"Agência Boa Imprensa – ABIM", 2ª quinzena de maio de 1992

V CENTENÁRIO DO DESCOBRIMENTO DA AMÉRICA

Valores de alma de Portugal e Espanha

A propósito do V Centenário do Descobrimento e Evangelização da América, convém lembrar que uma justa hierarquia de valores da vida leva os povos ibéricos a anteporem o espiritual ao material, o eterno ao passageiro, o absoluto ao relativo, o celeste ao terrestre, conduzindo-os antes de tudo ao heroísmo.

Em seguida, a um feitio de espírito em que a teologia é mais do que a filosofia, e esta, por sua vez, dirige todas as ciências. Este feitio mental gera um feitio de vida em que se procura mais a nobreza do que o luxo, os prazeres sóbrios do comércio dos espíritos e da vida de família, do que os regalos de um conforto escancaradamente físico. No modo de ver as vicissitudes da vida, há uma atração para considerar de frente a dor, a luta, a própria morte, como valores dos mais grandiosos que Deus nos tenha dado para fazer frutificar, neste vale de lágrimas, para a eternidade. Daí uma naturalidade ante o perigo, uma força na adversidade, uma serenidade no sofrimento, que desnorteia outros povos.

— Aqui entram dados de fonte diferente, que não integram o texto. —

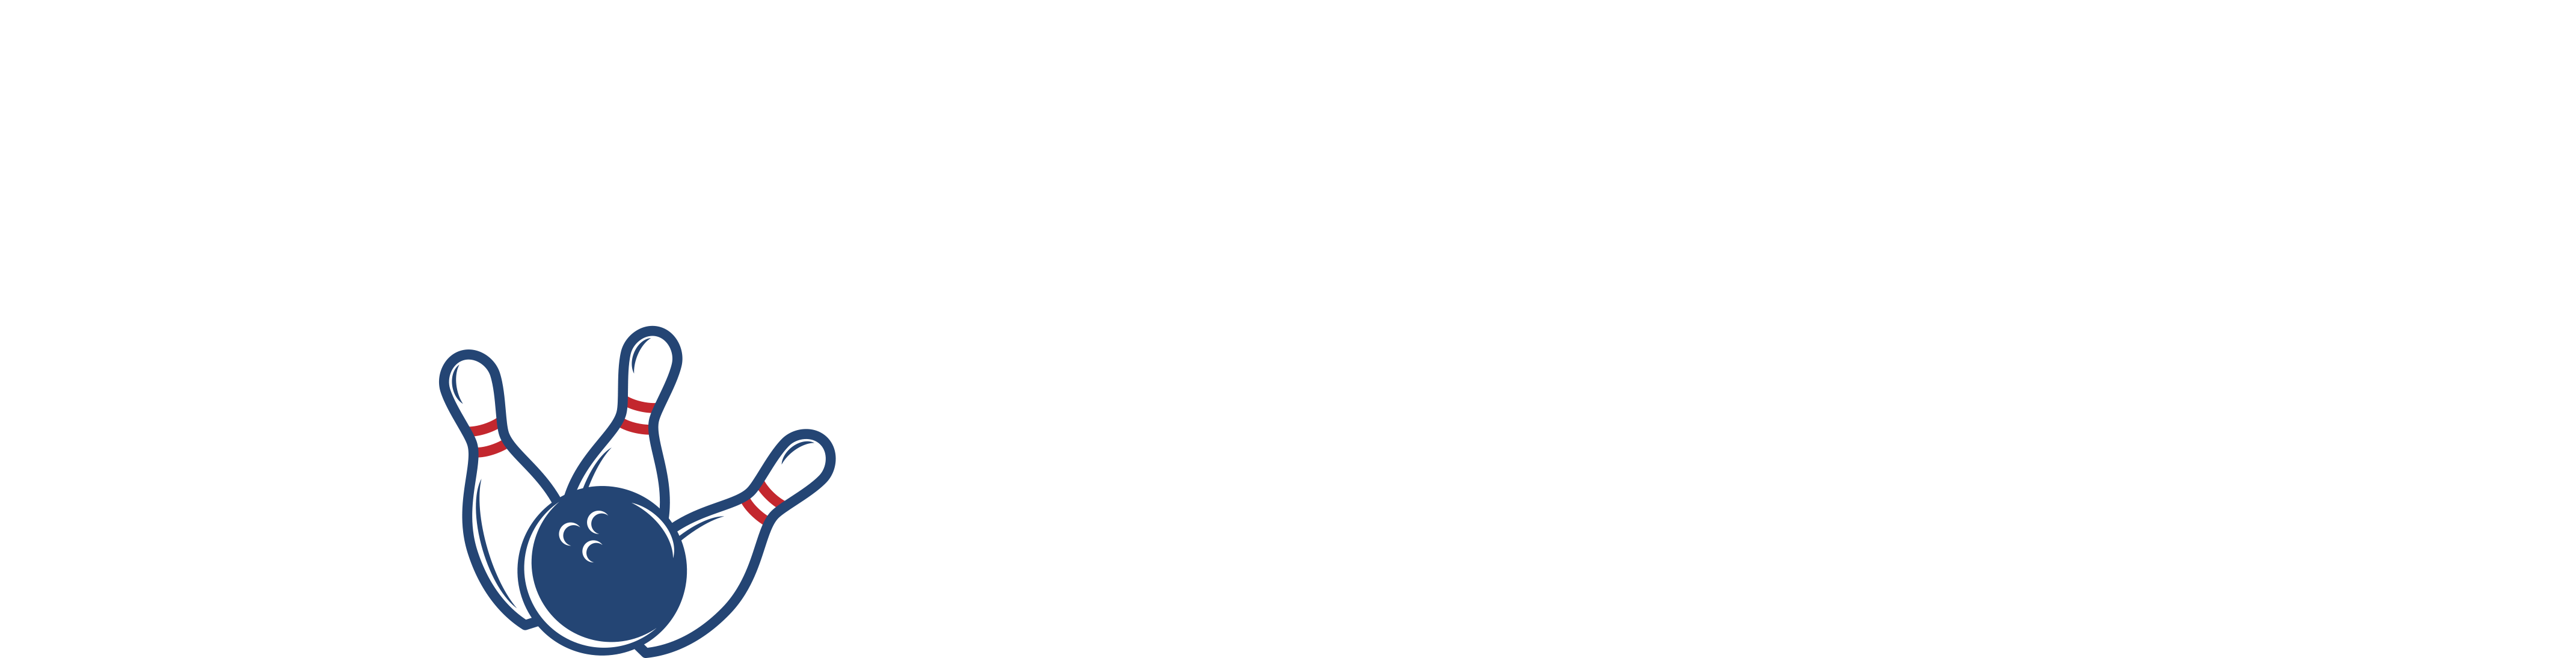 Challenge printanier

A história espanhola, por exemplo, se afigura um desses rios que correm cristalinos e borbulhantes, num leito acidentado, onde as águas se jogam por despenhadeiros e abismos trágicos, brilhando a luz do sol com toda a alvura das grandes cataratas.

Pelo contrário, a história lusa parece um curso de águas profundo, impetuoso, mas sempre sereno, que vai em linha reta diante de si mesmo, destruindo os obstáculos, com uma força invencível, mas conservando uma placidez, uma doçura, uma nobre simplicidade, até mesmo quando em sua superfície se espelham os mais belos aspectos do Céu e da Terra. O espanhol está sempre pronto, heroicamente mobilizado para luta. O português não dá esta impressão. Ele é singelo, risonho, meigo. O espanhol está sempre pronto para enfrentar a tragédia. Dir-se-ia que os lados sublimes da existência não impressionam o português, todo afeito a consideração das doçuras de sua vida de família, na suavidade de seus campos, no encanto de suas vilas, na formosura de suas cidades.

Mas, se um grande ideal solicita a dedicação da alma portuguesa, se uma grave ofensa lhe faz ferver o senso de dignidade, o luso se levanta como um herói. E luta com toda a rijeza indomável da fibra ibérica, enfrenta o perigo, calca aos pés o risco, e aceita a morte com uma sobranceria que a ninguém foi dado exceder.

Esse habitual estado de alma do português – afetivo, sereno, despretensioso – se colore de uma ligeira tinta de melancolia. Uma melancolia muito suave, que tem todas as luzes da resignação cristã, mas uma melancolia que é a nosso ver, o cunho próprio de Portugal.

É a melancolia que lhe vem de saber que na Terra a alegria perfeita é impossível e estamos nas agruras do exílio. A melancolia de que lhe nasce a poesia, a compaixão e a bondade.

Melancolia lusa, doçura lusa, encanto luso... tanto faria dizer-se melancolia brasileira, doçura brasileira, encanto brasileiro. Pois são precisamente estes traços, herdados de nossos maiores portugueses, que constituem, com variantes importantes em nosso solo pátrio, os elementos típicos da alma brasileira.